Instituto de Filosofia e Ciências Sociais


Departamento de Filosofia
História da Filosofia Antiga III
Prof. Daniel Nascimento

Aula 5: A teoria do ato voluntário na Ética a Nicômaco

11/04/2019

1. Panorama do uso dos termos hekon e akon na língua grega (Rickert, 1989, p. 7-34, 79-90).
A. Na maior parte dos casos, diz-se na literatura grega de um agente que ele agiu de forma
involuntária quando se imputa sua ação à forca ou necessidade (bia ou ananke). Este termo, no
entanto, deve ser compreendido num sentido largo. Dentre estes casos estão incluídos as ações
que são:
a1. Feitas sob ameaça, p.ex. no começo do Prometeu Acorrentado de Ésquilo, Hefesto diz a
Prometeu que o está acorrentando involuntariamente, i.e. que só o está fazendo por estar sob
ordens e ameaças de Zeus (18-23).
a2. Feitas por medo de males maiores, p. ex. numa passagem de Tucídides os atenienses
afirmam que não violaram os costumes voluntariamente (ekontes) mas por necessidade, pois
tiveram de se utilizar dos recursos de um santuário para se defender de um ataque e evitar a
morte (IV 98, 1-6).
a3. Motivadas por paixões supostamente incontroláveis ou fortes demais, p. ex. nas linhas de
Teógnis que dizem: “Eu amo um rapaz de pele lisa que tem por hábito me expor na frente de
todos os amigos. Eu aguentarei involuntariamente (aekousia) muitas coisas sem esconder-me.
Pois não é um rapaz feio o que eu amo” (1341-1344).
a4. Sofridas de forma absolutamente passiva, tais como ser carregado (HDem 66-72, 122-125),
contido (Pr.

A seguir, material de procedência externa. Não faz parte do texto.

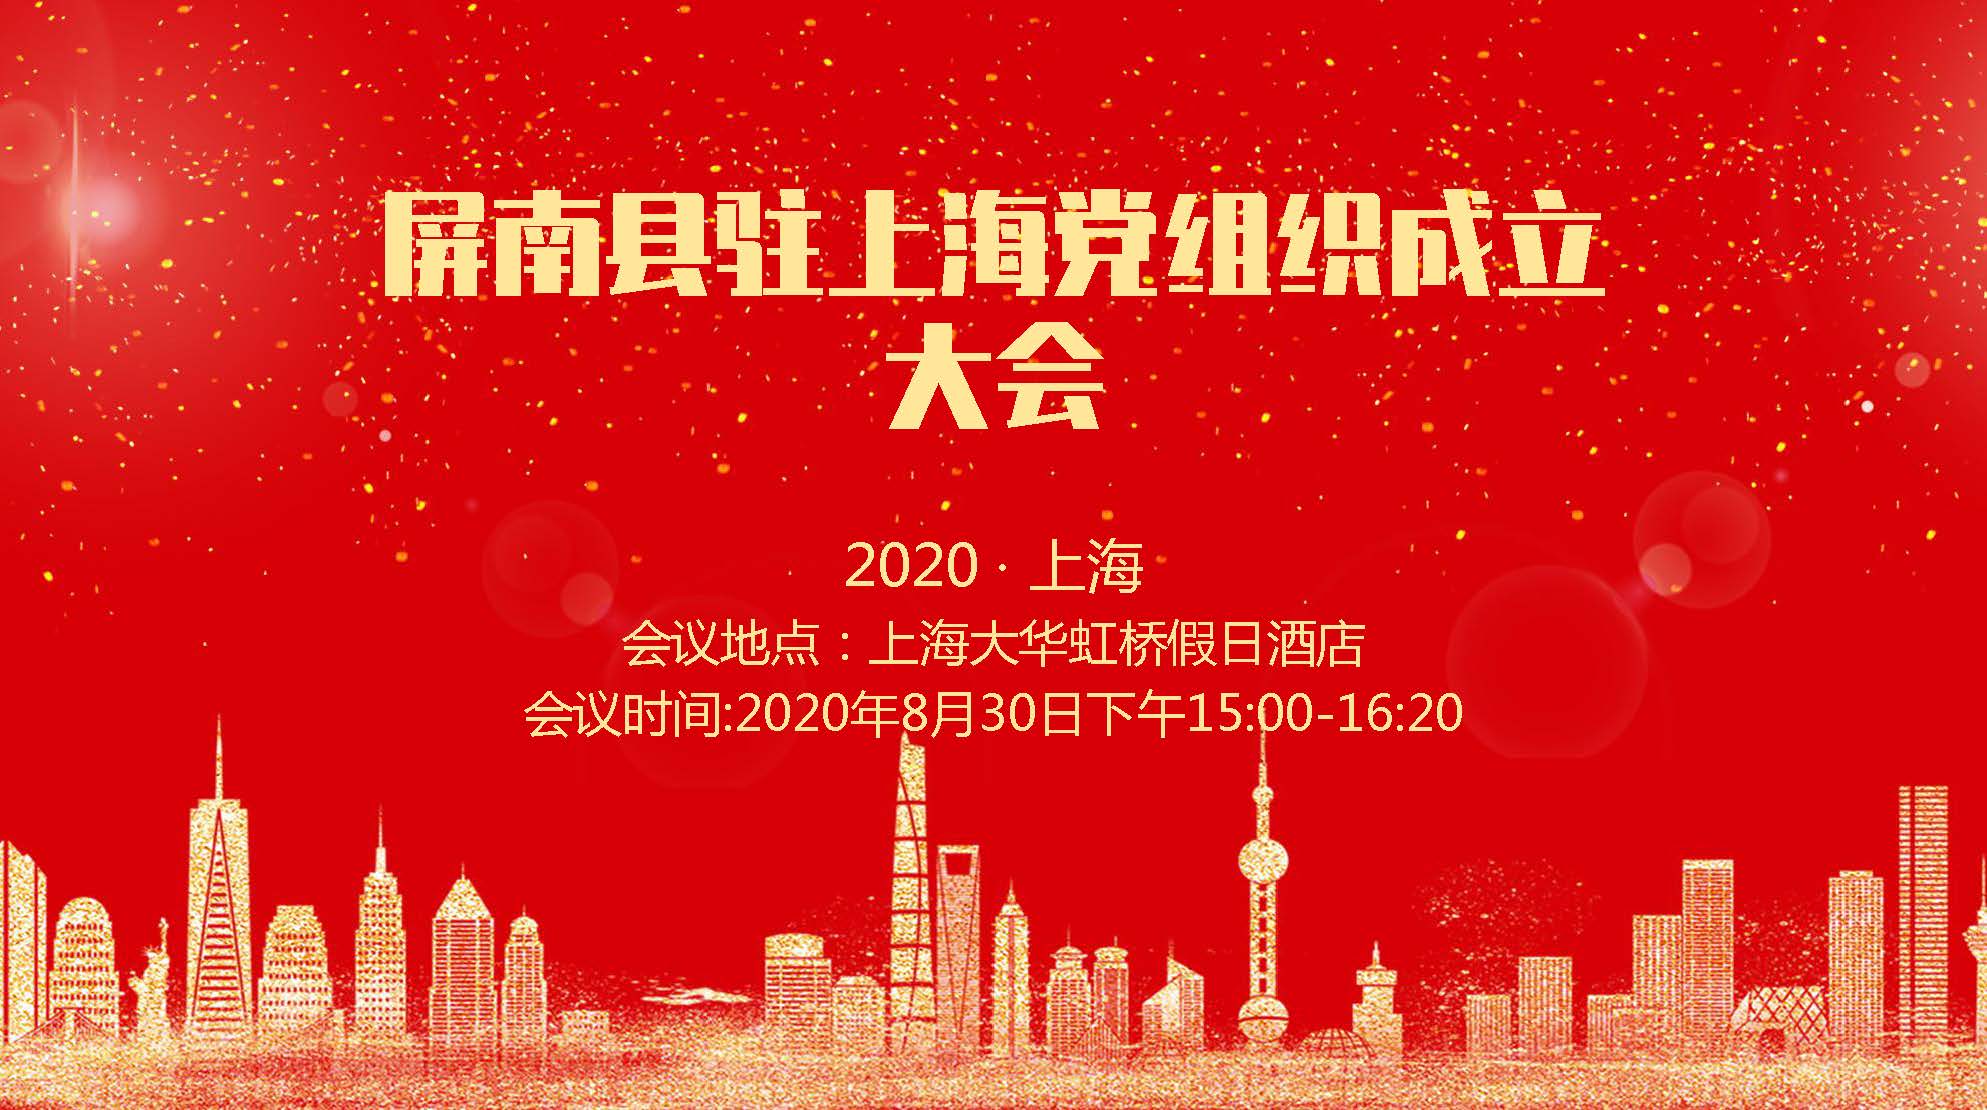 2020-08-30 13:00:00屏南县驻上海党组织成立暨招商推介会议
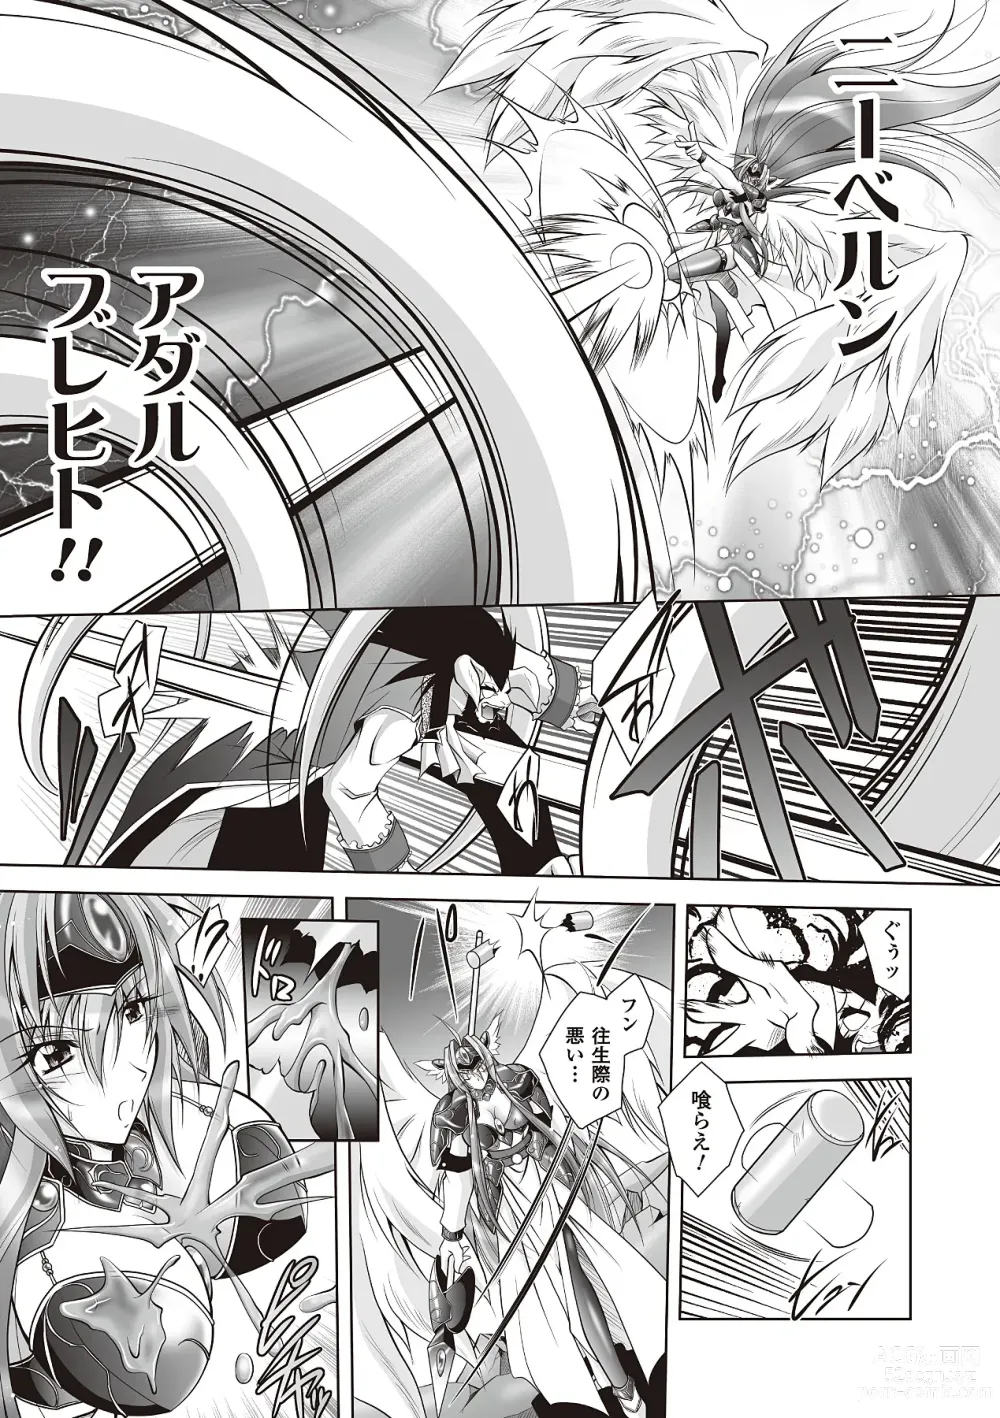 Page 7 of manga Datenshi-tachi no Rhapsody - Fallen Angels Rhapsody

Ac. 12-20) e golpeado (HDem 407-413).
B. Nem sempre que se reconhece um papel decisivo à necessidade em uma ação se supõe que
ela seja feita ou deva ser feita de forma involuntária, p. ex.
b1. No Agamemnon de Ésquilo o Coro roga a Cassandra que ceda voluntariamente à
necessidade e atenda ao chamado de Clitemnestra para entrar na casa de Agamemnon (1070-
1071).
b2. Numa passagem de Tucídides (IV 58, 2-3) se afirma que o povo de Platéia se rendeu
voluntariamente aos espartanos depois que seus mantimentos acabaram e eles não podiam mais
resistir ao cerco montado por seus inimigos.
C. Em alguns casos diz-se também que um agente agiu de forma involuntária quando ele
cometeu um erro causado pela ignorância, p. ex.
c1. Em As Traquíneas de Sófocles se diz por três vezes que Deianira deu veneno
involuntariamente a Hércules, pois ela acreditava se tratar de uma poção do amor (727-729,
935, 1123).
c2. No final do Hipólito de Eurípides a deusa Ártemis vem reconciliar Hipólito e Teseu dizendo
ao filho, Hipólito, que o pai, Teseu, agiu involuntariamente quando pediu a Poseidon pela
morte do filho pois achava que Hipólito tinha estuprado e causado o suicídio de Fedra, mulher
de Teseu (1431-1439).
D. Numa passagem de Tucídides (Hist. III, 40), Cleonte afirma que os atos involuntários devem
ser perdoados. Trata-se de uma afirmação que se pode encontrar também em numerosas
tragédias (p. ex. no fim do Hipólito de Eurípides, Ártemis pede a Hipólito que perdoe seu pai),
e que parece pressuposta por uma parte significativa dos usos dos termos na literatura.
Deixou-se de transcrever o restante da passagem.